We want to use only the votes to train our model, which are the columns "vote1"..."vote15":

# Step 3: Train the model with model.fit(...)
model = model.fit(df[ ["vote1", "vote2", "vote3", "vote4", "vote5", "vote6", "vote7", "vote8", "vote9", "vote10", "vote11", "vote12", "vote13", "vote14", "vote15"] ] )

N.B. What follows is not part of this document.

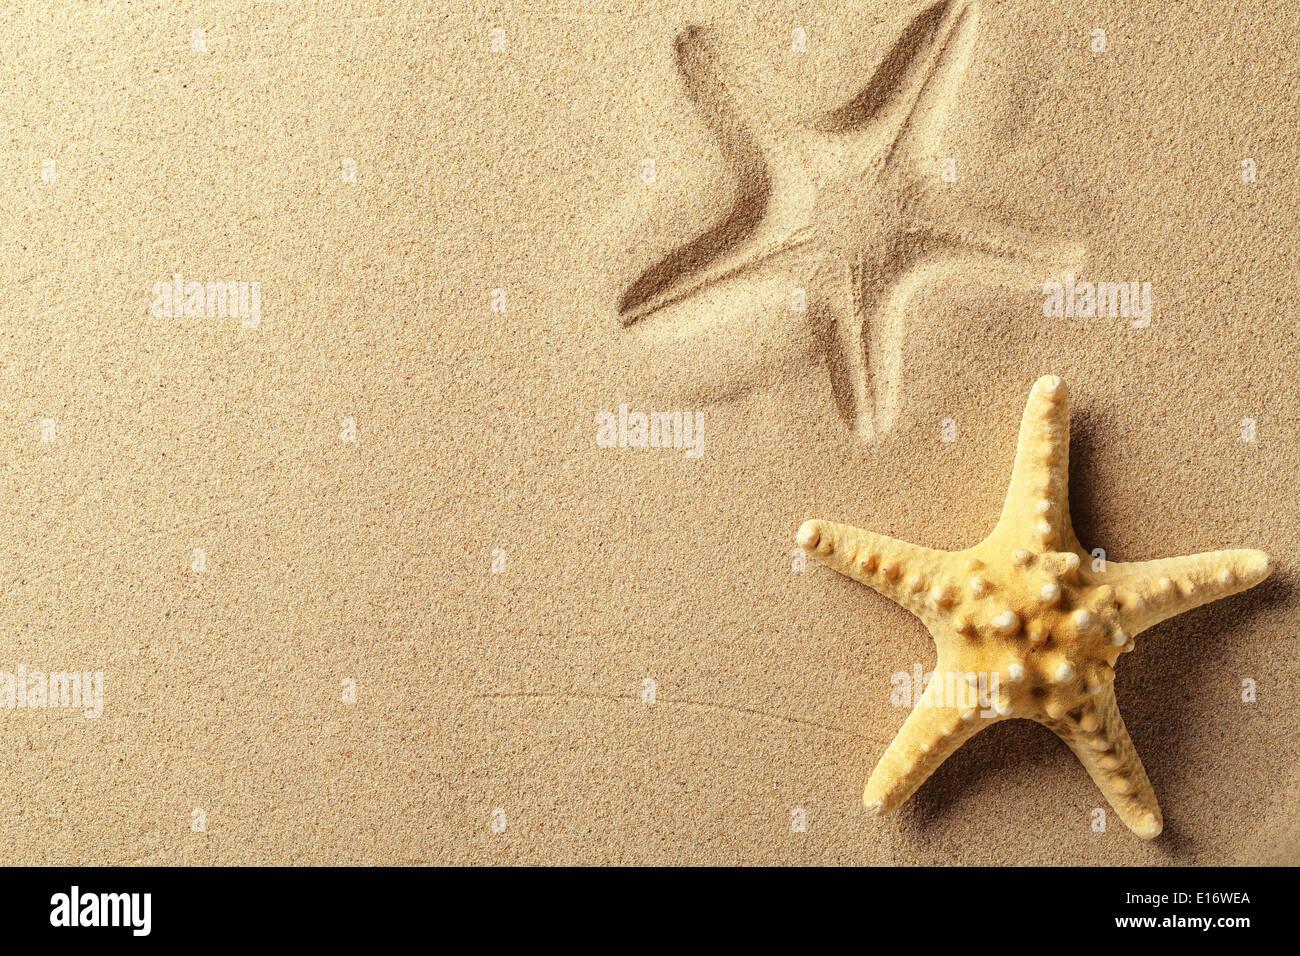 Seashell with imprint on beach sand - Stock Image

Finally, model.predict(...) will predict the cluster when provided the same 15 variables:

df["cluster"] = model.predict(df[["vote1", "vote2", "vote3", "vote4", "vote5", "vote6", "vote7", "vote8", "vote9", "vote10", "vote11", "vote12", "vote13", "vote14", "vote15"]])

df

	name	party	state	vote1	vote2	vote3	vote4	vote5	vote6	vote7	vote8	vote9	vote10	vote11	vote12	vote13	vote14	vote15	cluster
0	Alexander	R	TN	0.0	1.0	1.0	1.0	1.0	0.0	0.0	1.0	1.0	1.0	0.0	0.0	0.0	0.0	0.0	0
1	Ayotte	R	NH	0.0	1.0	1.0	1.0	1.0	0.0	0.0	1.0	0.0	1.0	0.0	1.0	0.0	1.0	0.0	0
2	Baldwin	D	WI	1.0	0.0	0.0	1.0	0.0	1.0	0.0	1.0	0.0	0.0	1.0	1.0	0.0	1.0	1.0	1
3	Barrasso	R	WY	0.0	1.0	1.0	1.0	1.0	0.0	1.0	1.0	1.0	1.0	0.0	0.0	1.0	0.0	0.0	0
4	Bennet	D	CO	0.0	0.0	0.0	1.0	0.0	1.0	0.0	1.0	0.0	0.0	0.0	1.0	0.0	1.0	0.0	1
...	...	...	...	...	...	...	...	...	...	...	...	...	...	...	...	...	...	...	...
95	Warner	D	VA	1.0	1.0	0.0	1.0	0.0	1.0	0.0	1.0	0.0	0.0	1.0	1.0	0.0	1.0	0.0	1
96	Warren	D	MA	1.0	0.0	0.0	1.0	0.0	1.0	0.0	1.0	0.0	0.0	1.0	1.0	0.0	1.0	1.0	1
97	Whitehouse	D	RI	1.0	0.0	0.0	1.0	0.0	1.0	0.0	1.0	0.0	0.0	1.0	1.0	0.0	1.0	1.0	1
98	Wicker	R	MS	0.0	1.0	1.0	1.0	1.0	0.0	1.0	0.0	1.0	1.0	0.0	0.0	1.0	0.0	0.0	0
99	Wyden	D	OR	1.0	0.0	0.0	1.0	0.0	1.0	0.0	1.0	0.0	0.0	1.0	1.0	0.0	1.0	1.0	1

In the cluster column (found at the far right), every member is clustered into cluster 0 or 1. From observing the first few rows, Python has used 0 to identify members in the "republican party cluster" and 1 to identify "democratic party cluster".